Peaked Hill
- Interactive map of Peaked Hill

Geography
- Location: West of Lantau Island
- Coordinates: 22°12′59″N 113°50′13″E﻿ / ﻿22.21639°N 113.83694°E
- Length: 1.21 km (0.752 mi)
- Highest elevation: 69 m (226 ft)

Administration
- Hong Kong

Demographics
- Population: 0

= Peaked Hill (Hong Kong) =

Island in New Territories, Hong Kong

Peaked Hill, also known as Kai Yet Kok (雞翼角 (the headland of chicken wing)) and Kai Shan (雞山), is a stack island on the westernmost point on land of Hong Kong territories. The island is close to the west side of southwest Lantau Island, near Tsin Yue Wan (煎魚灣) and can be spotted from the 7th stage of Lantau Trail between Fan Lau and Yi O.

==Geography==
The island is connected to Lantau Island by a tombolo, a natural sandbar that is walkable at low tide.

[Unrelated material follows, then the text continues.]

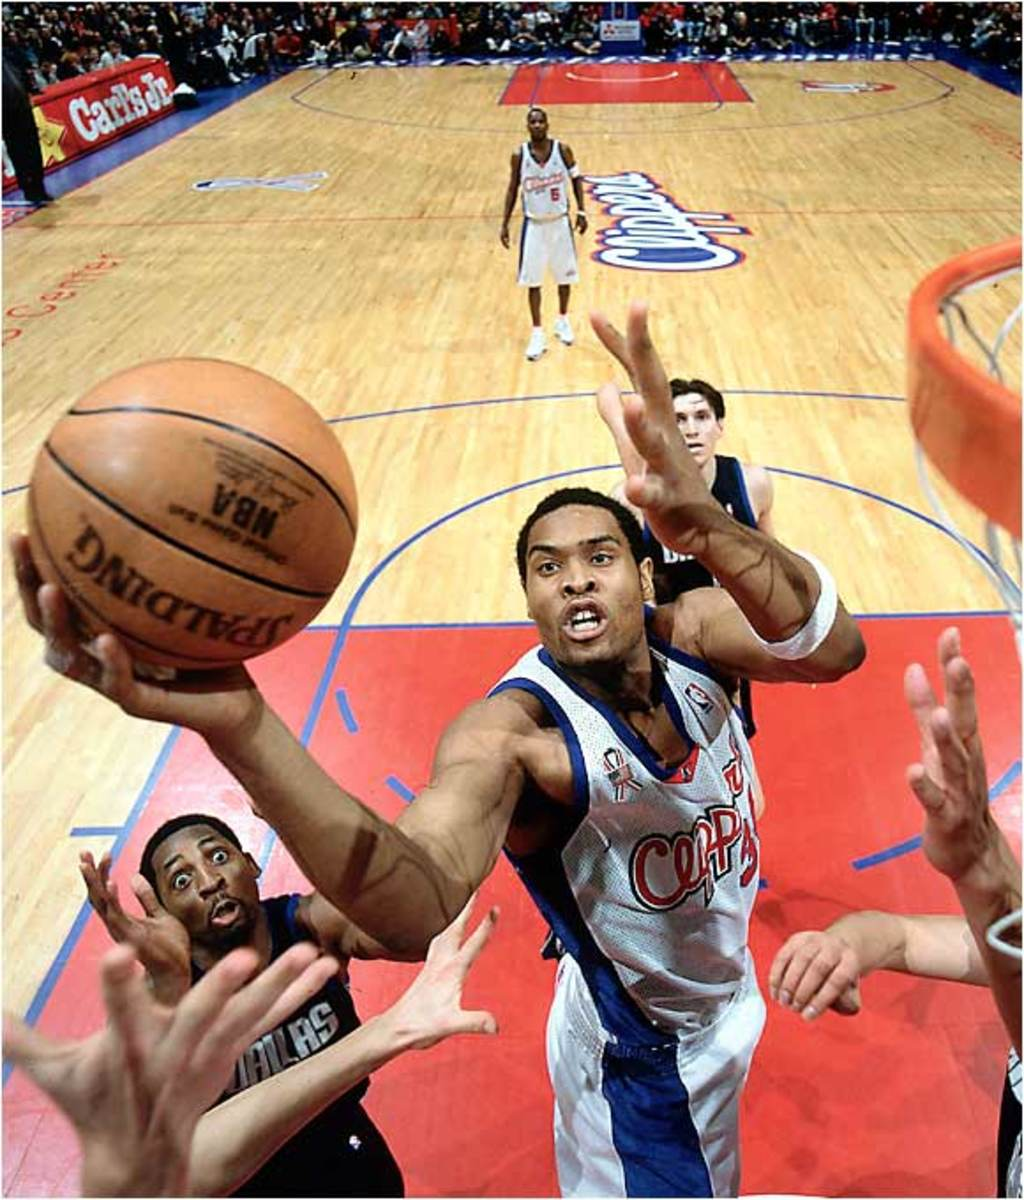 Michael Olowokandi, Clippers

The island is north of Lantau Channel and affected by the current from the Pearl River. West of the island are the territories of mainland China.

==Fauna==
Coastal waters of the Southwest Lantau Marine Park, stretching from Kai Kung Shan, Peaked Hill to Fan Lau, is one of the areas with the highest density of Chinese White Dolphins in Hong Kong.